Quarterly Commentary

Market Update

July 16, 2018


Stock Market returns this year have been quite low and this is not what investors are used to. However, we are very pleased that our equity composite performance (3.01% gross of fees, 2.70% net of fees) has outperformed, both our primary index the MSCI (0.43%), as well as the S&P 500 (2.65%)*. I am particularly pleased that we have outperformed with all the strategic diversification that we always maintain even though this stock market continues to be dominated by the “FANG” stocks (Facebook, Amazon, Netflix, and Google). Those are now very expensive stocks.

The market’s pause is likely in reaction to the Fed’s new “tightening” policy, causing rising interest rates, but markets are likely even more concerned about the global discussions of tariffs and trade wars.

As pointed out by Kristalina Georgieva of the World Bank, “Global trade is essential to reducing global poverty.” As has been the case historically, some world economies grow faster than others.
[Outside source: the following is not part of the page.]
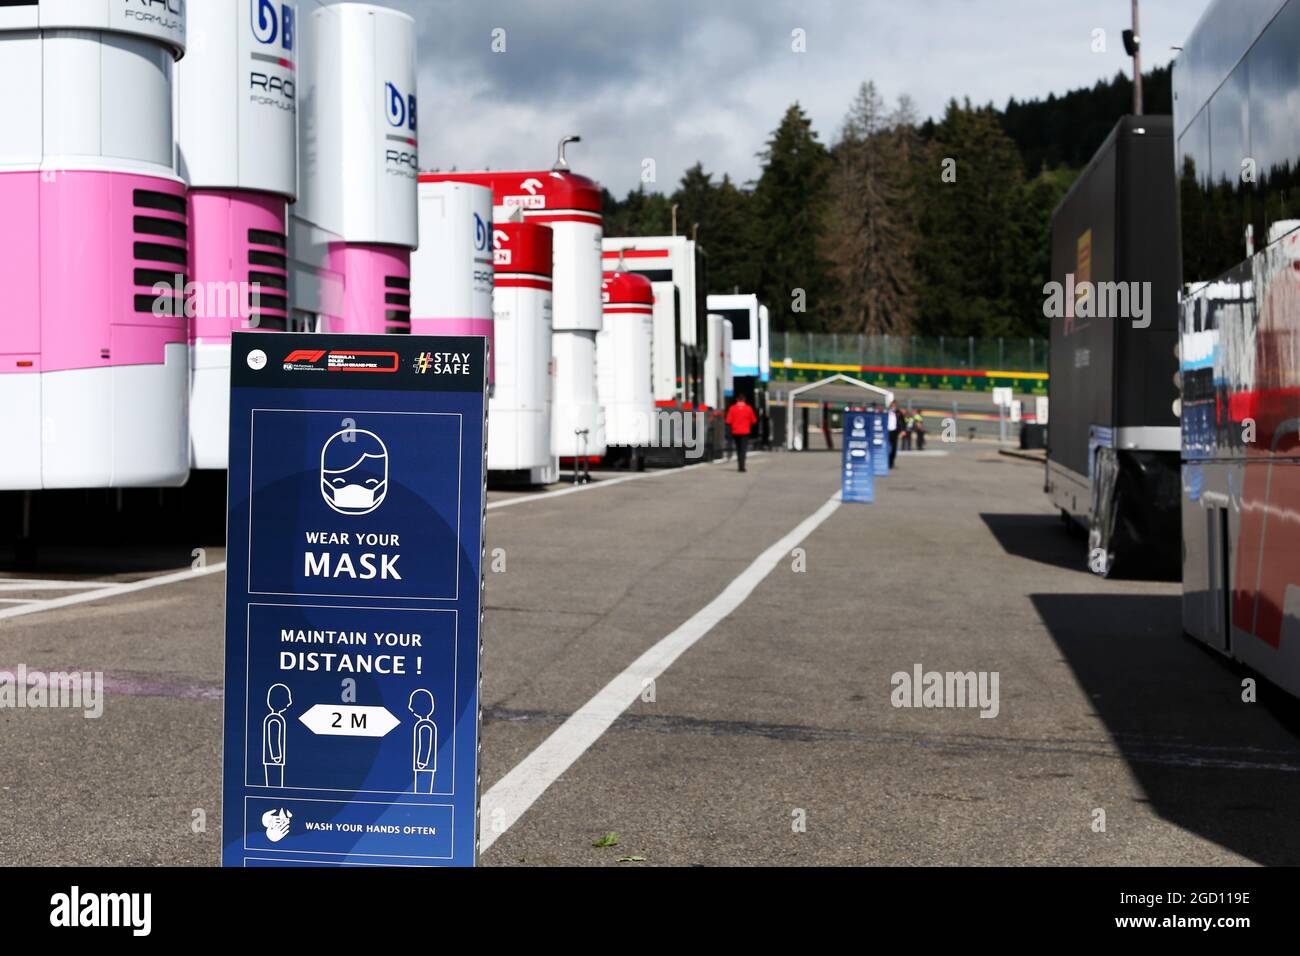 Paddock atmosphere - Coivd safety precautions sign. Belgian Grand Prix, Saturday 29th August 2020. Spa-Francorchamps, Belgium. Stock Photo

That likely will never change due to each country’s resources and leadership. Today, for example, the GDP growth for Asia this year is projected to be 6.3% versus the US projected GDP growth of only 2.9%. Click here to view 2018 Forecasted GDP Growth Rate.

Broad knowledge of the historical trade wars includes risks for both markets and economies. I am optimistic that this “news” is now so widely broadcast, that much of its impact is already accounted for in the market’s low, year-to-date return. 

It is ironic, but not surprising, that President Donald Trump, the “trade bully” but the “pro-business” President, is playing “chicken” with the Chinese. It’s not really surprising because much of the constituency of voters that he had during the election included “rust belt” voters who want job and competitive industries rebuilt in the US. Trump is also likely keenly aware of the projected 6+% Asian GDP growth versus the US approximately 3%.

We continue to be positive on the broad stock market, confident that interest rate increases will be contained as well as the trade war fears. The Chinese are already starting to adjust in light of tariff risks. Of course, in our stock analysis, we are very mindful of which sectors and stocks could be negatively impacted. Also, some opportunities may have been created, as European stocks have broadly corrected.

I encourage you to watch our second quarter webcast featuring me, Dr. Jim Kee, Christian Ledoux, and a guest appearance by Senior Analyst, Josh Taenzler. We expect that to be ready shortly and will send out via email and post to the STMM website. If you are not currently receiving the webcast and would like to, please let us know.

Also, click here to view our quarterly non-profit spotlight featuring our client, Texas Hill Country Memorial.  

Thank you for being our client.


Jeanie Wyatt, CFA
Chief Executive Officer & Chief Investment Officer


*Click here to view full disclosures 


This letter is not intended to constitute investment advice. Market and economic views are subject to change without notice and may be untimely when presented here. You are advised not to infer or assume that any securities, sectors, or markets described in this letter were or will be profitable. Securities identified in this letter do not represent all of the securities purchased, sold, or recommended for advisory clients, and you should not assume that the recommendations made in the future will be profitable or will equal the performance of the securities identified above. A complete list of all equity recommendations made by STMM during the past year is available upon request. Past performance is not indicative of future results. There is a risk of loss.